Rough, we certainly seem to be coming along... And it's funny reading through my old posts and re-reading the advice that Chatter, Starsky and Denver have been giving me all along... I'm only now truly starting to come to grips with their wisdom. I can't say that I should have listened closer a few months ago, because I know I had to take this journey on my own, but I feel a deep debt of gratitude to each of them (and everyone who's commented along the way). I'm so glad I discovered this board and MWD's books... Who knows where I'd be without them!

But my true test is coming this weekend. It's easy to write here, to pontificate on what I SHOULD do and how I SHOULD act. Putting it into action is going to be a bit tougher. Especially looking into her eyes for the first time in so long... she can be awfully disarming... But I feel a new strength in my convictions, a new sense of self worth, and a new knowledge that by sticking to MY ideals, MY thoughts and MY convictions, nothing bad can come of it.
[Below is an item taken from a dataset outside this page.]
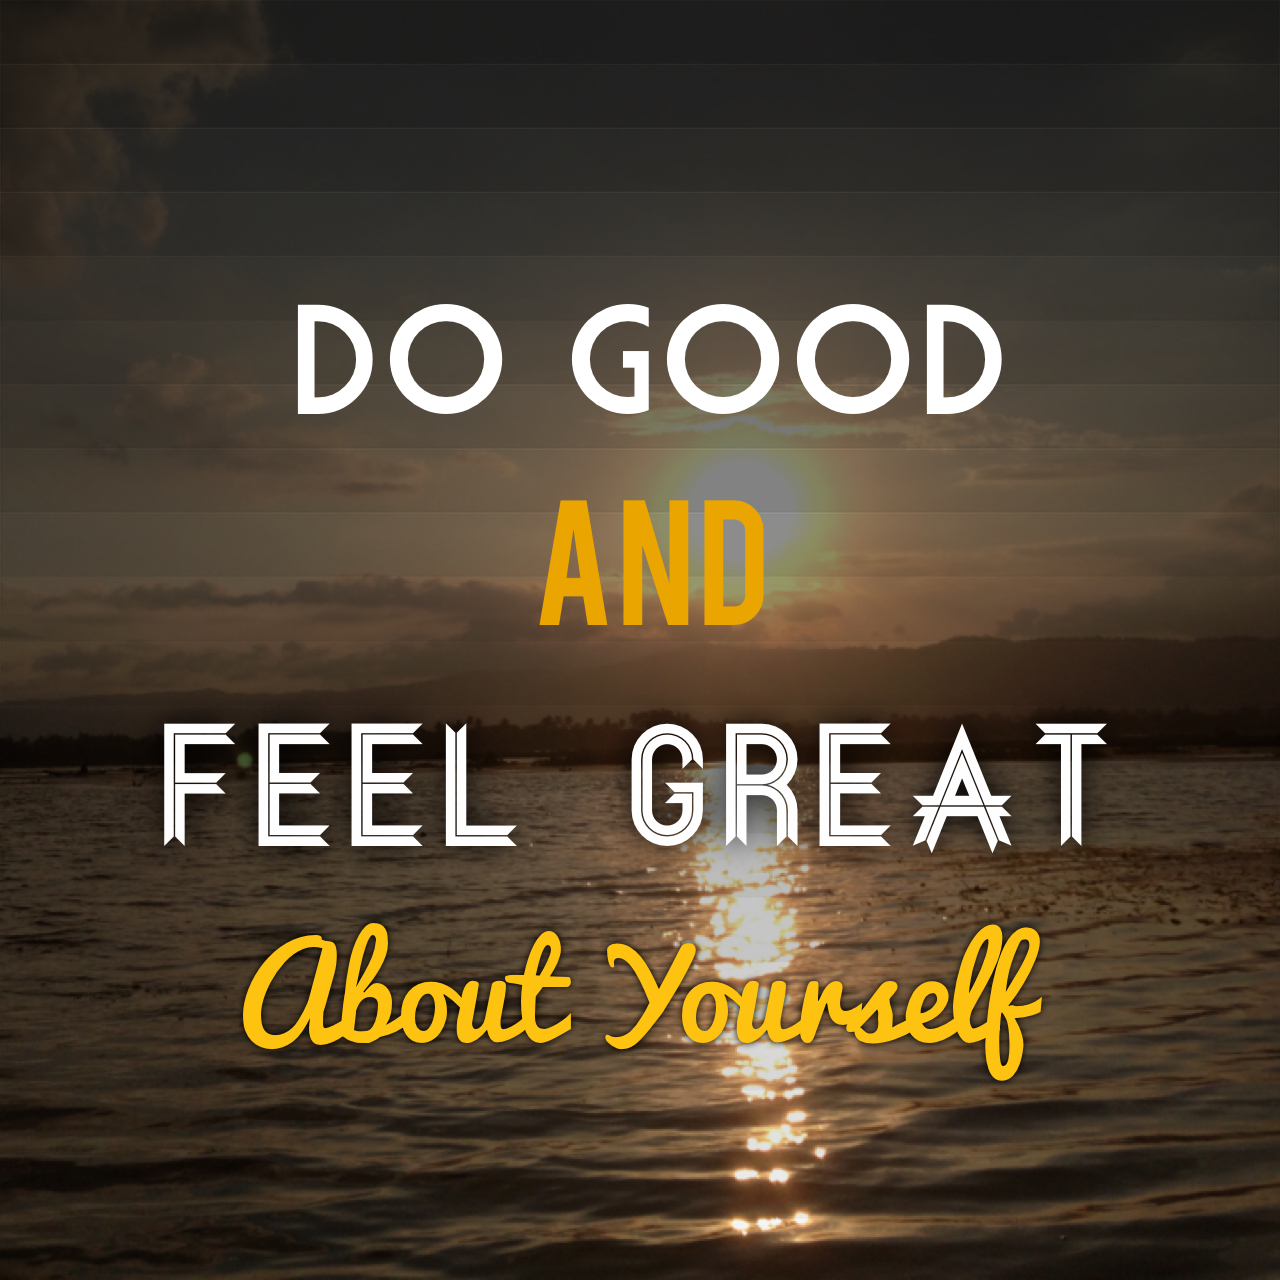 He feel good now. Feel great. Great quotes. Be good do good feel good. Feeling good никто.

Do I want this M to work out? Of course I do! Will anything happen this weekend that will change that? I highly doubt it. What WILL happen this weekend is I'll be able to look my W in the eyes and show her that no matter how much I love her, no matter how much I want this to work, and no matter what her mindset is, I'm not the same person she left months ago. I'm not an option and I'm not going to sit around spinning my wheels trying to figure out how to get her back anymore. I'm going to continue working on me, and if she wants to come back, then good for her and we'll see where that takes us.

I'm a way better person than the one she left. There's some strength behind my caring now. There's a conviction coloring my "overly sweet" personality. There's a guy who knows he deserves more than he's been getting these last few months. Hell, maybe she'll leave thinking she doesn't deserve me anymore.

And maybe she'll be right. Only time will tell.